Зубы мудрости мне удалили через две недели. Их неровные верхушки еще даже не прорезались через десну. Я почувствовала такое облегчение, что даже заснула во время операции и проснулась счастливая от того, что все позади, и язык постоянно нащупывал две кровоточащие огромные дыры. Весь вечер я выплевывала кровяные сгустки, и уже на следующий день появились первые желтые, плохо пахнущие сгустки гноя со слюной. Поднялась температура, и меня окутывало жарким, отдающим металлом туманом. Я не могла есть, а воду приходилось пить маленькими глотками. Мама и папа, сменяя друг друга, сидели у моей постели с чайными ложками и соломинками.
Зачем я это сделала?
Жар иногда отступал, и эти тягостные вопросы снова начинали на меня давить. Зачем я позволила убрать то, что еще не успело причинить мне вреда? Не разрушила ли я на самом деле свое тело и свою жизнь?

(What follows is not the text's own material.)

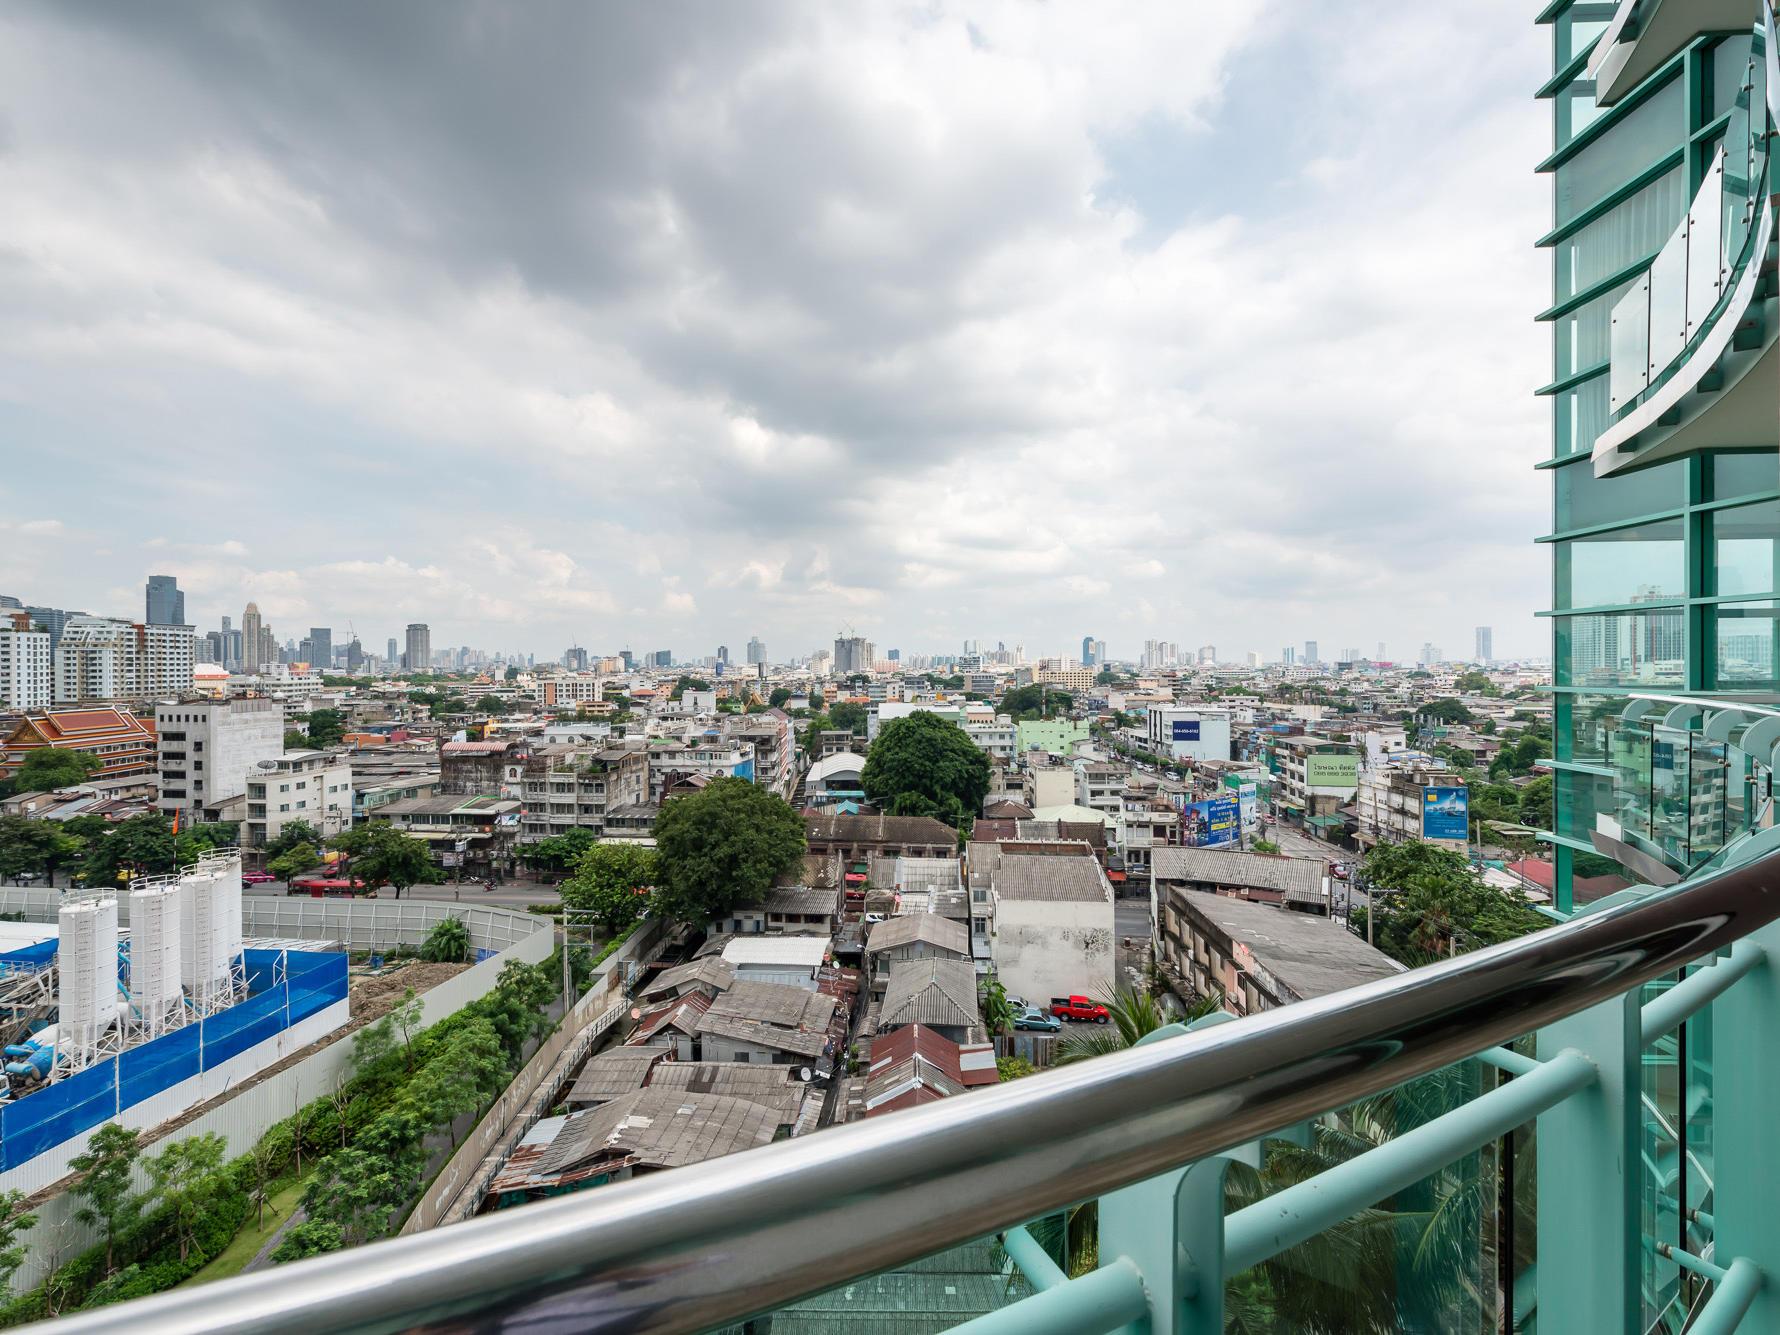 City view from a balcony at Chatrium Hotel Riverside Bangkok

Может, дыры во рту никогда не зарастут, а я никогда уже не поднимусь с кровати и не буду играть в оркестре. Только представить себе, что все свои старания я же и свела на нет. Вдруг я больше никогда не буду смеяться, курить украдкой с Май или целоваться с ней в шутку, никогда не съем мороженое на десерт и не буду всерьез целоваться с Максом. И никто вообще не захочет целовать меня, пахнущую кровью, гноем, потную от жара и не особо умную.
Пока я болела, оркестр дал большой концерт. Все думали, что я поправлюсь и смогу участвовать в нем, но папа развеял эти ожидания: за два дня до концерта у меня по-прежнему держалась высокая температура. Он послал ватный тампон с моей кровавой слюной в лабораторию, а потом сменил антибиотики.
После концерта мне домой прислали шикарный букет с открыткой, не для того трубача, которого временно пригласили меня заменить, а именно для меня. На открытке было написано, что все по мне скучают и что я просто замечательная. Розы сильно пахли. Я смотрела на круглые цветы, чьи лепестки, казалось, раскрывались каждое утро, когда я просыпалась. Я уже умерла? А может, наоборот, добилась успеха? Болезнь дала мне неожиданный стимул к обоим этим недостижимым состояниям.